W0087
In cubo Membrane Protein Crystallization. Peter
Nollert, Dept. of Biochemistry and Biophysics, School of Medicine, University of
California, San Francisco, San Francisco CA 94143-0448 and Emerald
BioStructures, 7869 NE Day Rd., W., Bainbridge Island, WA 98110.
Several membrane proteins have been crystallized in a lipidic
cubic phase; the crystal architecture, growth mechanism and recent advances of
this crystallization method will be discussed. Membrane proteins are difficult
to crystallize and consequently only a small number of high-resolution
structures are available. Crystals of transmembrane proteins for X-ray
diffraction experiments may be grown either employing detergent micelles, or in
a matrix of liquid crystalline membraneous material forming a lipidic cubic
phase (in cubo). Several structures of bacteriorhodopsin in the ground state
and various photocycle intermediate states of the wild type as well as those of
mutated bacteriorhodopsins have been determined utilizing crystals grown in
cubo.
So far the methodology has been successfully applied to five
membrane proteins.
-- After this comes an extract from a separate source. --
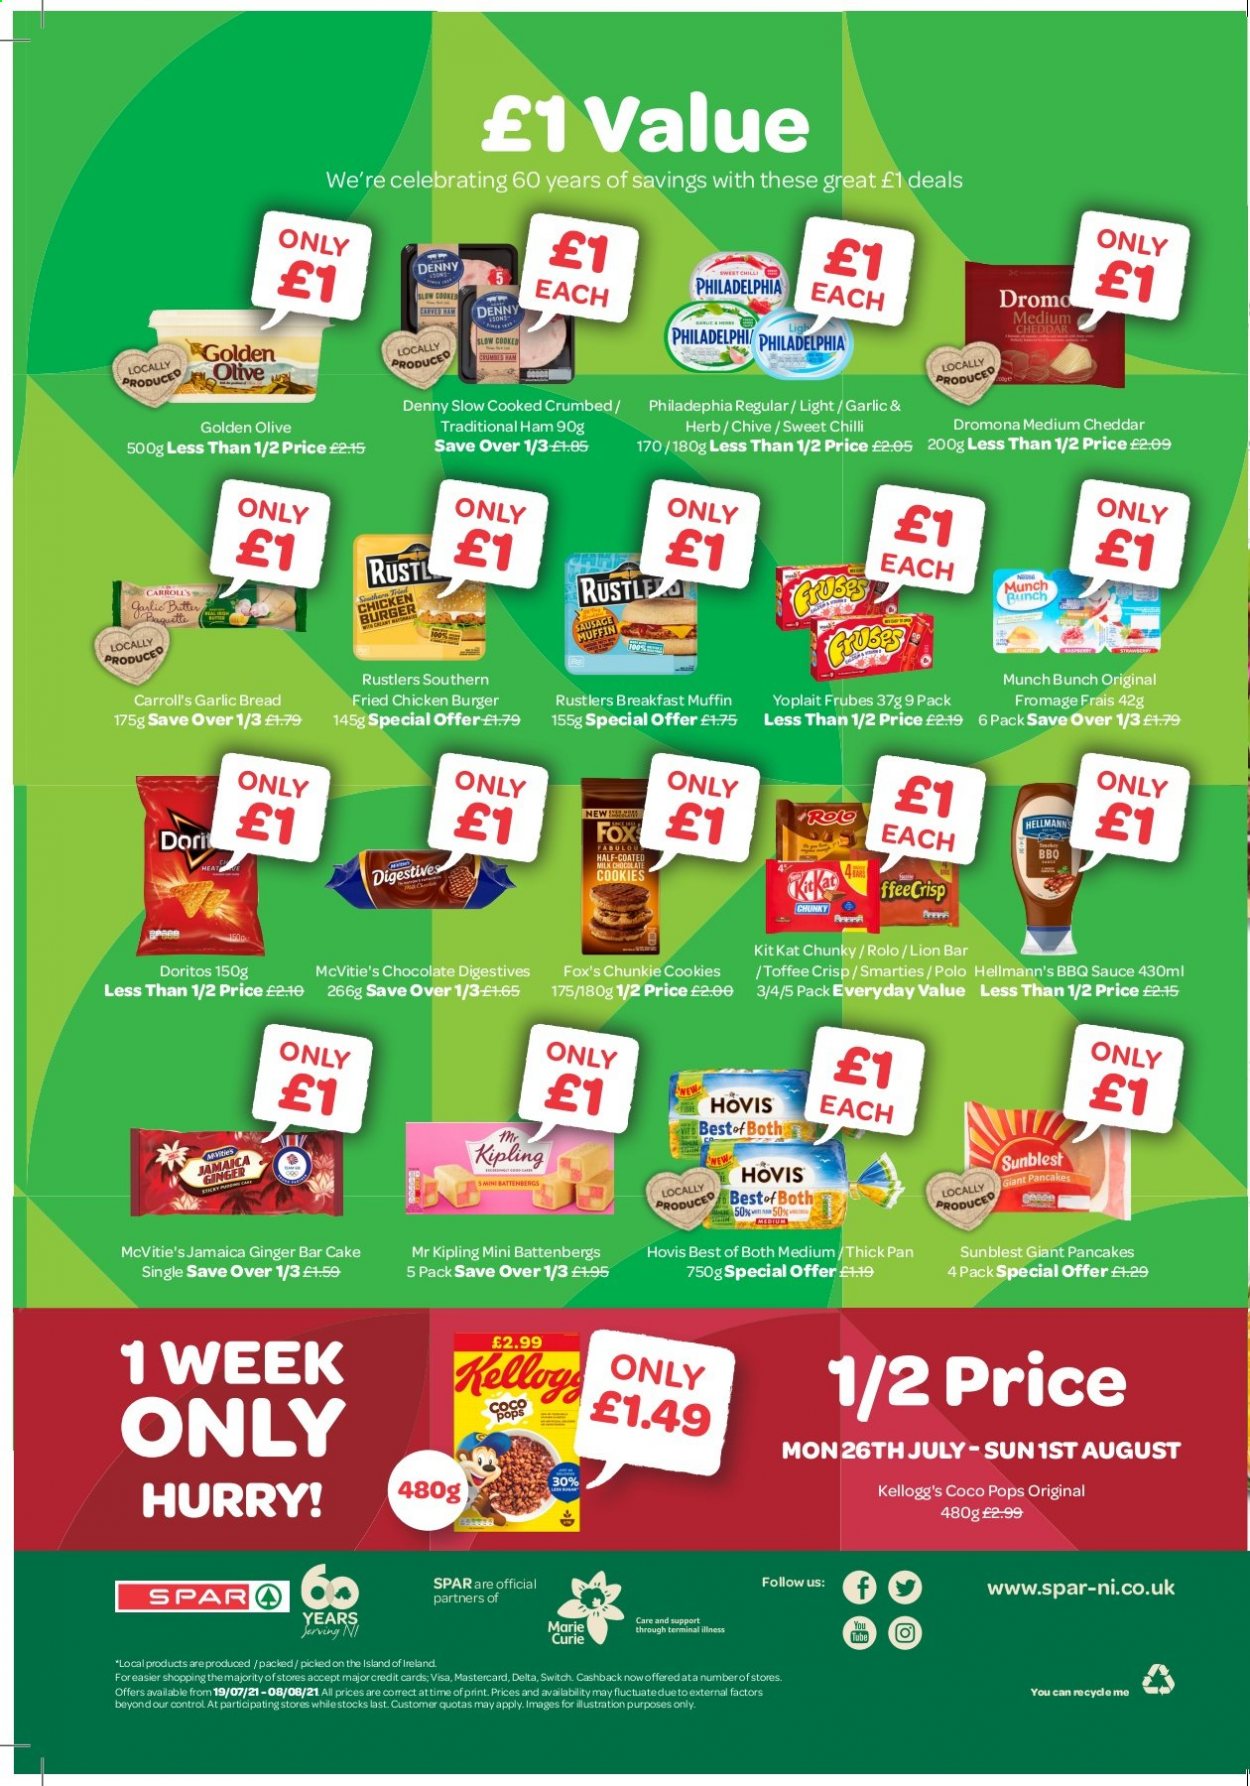 thumbnail - SPAR offer  - 19/07/2021 - 08/08/2021 - Sales products - ginger, hamburger, bread, cake, muffin, sauce, fried chicken, pancakes, ham, sausage, Philadelphia, cheddar, Yoplait, milk, Hellmann’s, cookies, chocolate, Smarties, KitKat, toffee, Kellogg's, Doritos, coco pops, BBQ sauce, punch, pan. Page 4.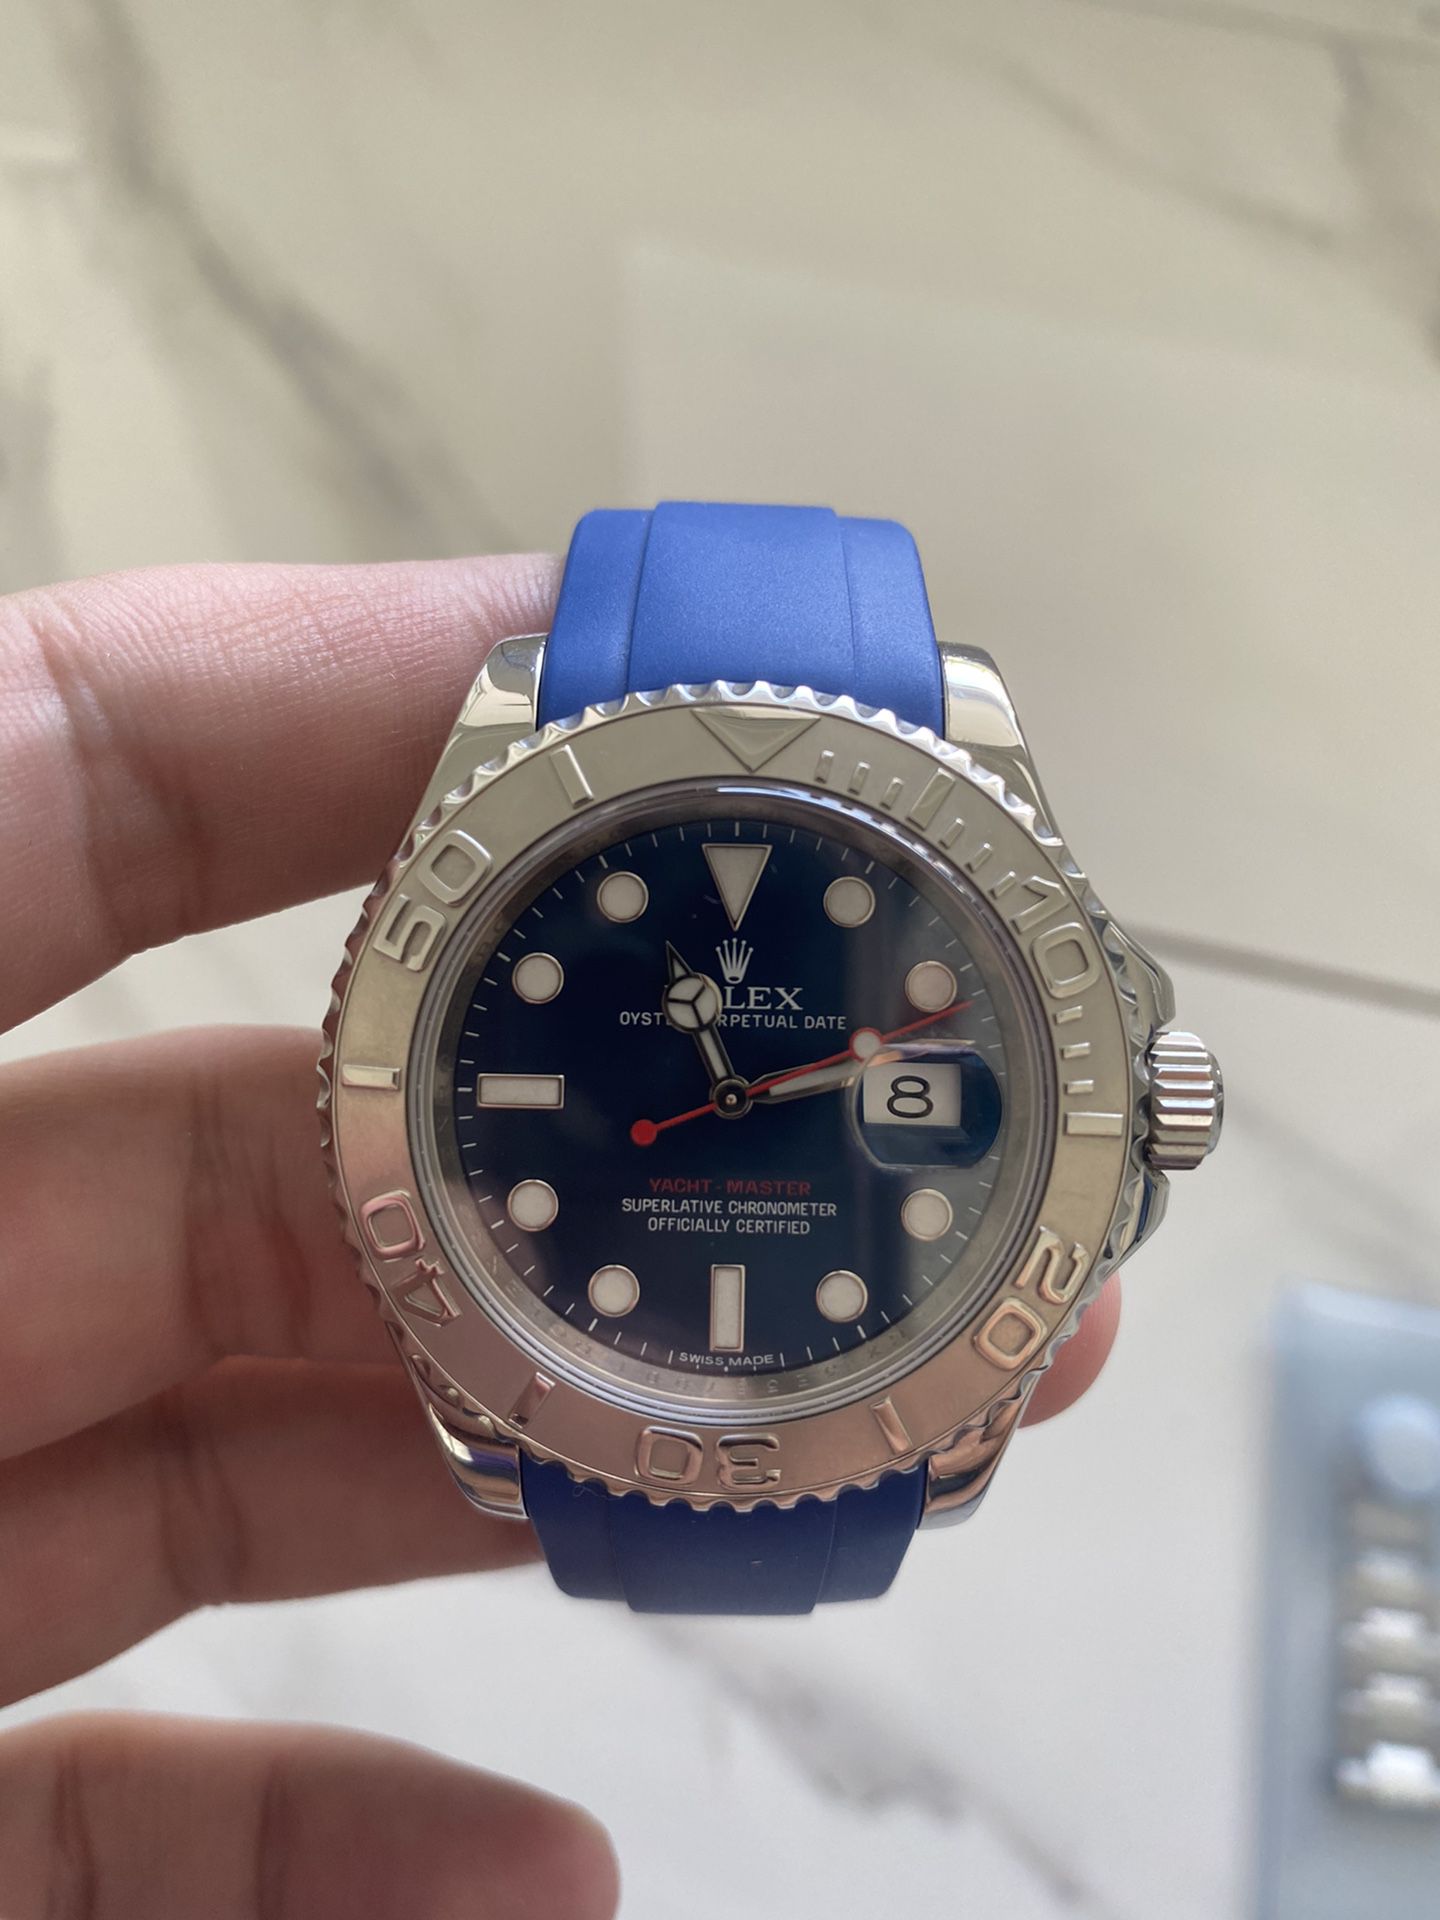 Rolex Yacht Master 1 Blue Dial for Sale in Miami, FL - OfferUp

Throughout, the crystals consist of layers in which the
membrane proteins dwell in a lipid environment, similar to their biological
membranes. The crystallization of bacteriorhodopsin in lipidic cubic phases was
investigated and a mechanism for crystal nucleation and growth is proposed.
Since its conception, several technical advances facilitate crystallographers to
use this crystallization methodology for routine crystallization trials.
Particularly, a micromethod for in cubo crystallization was developed that
requires fewer handling steps, consumes less material for a single
crystallization setup and that allows the use of standard multiwell plates.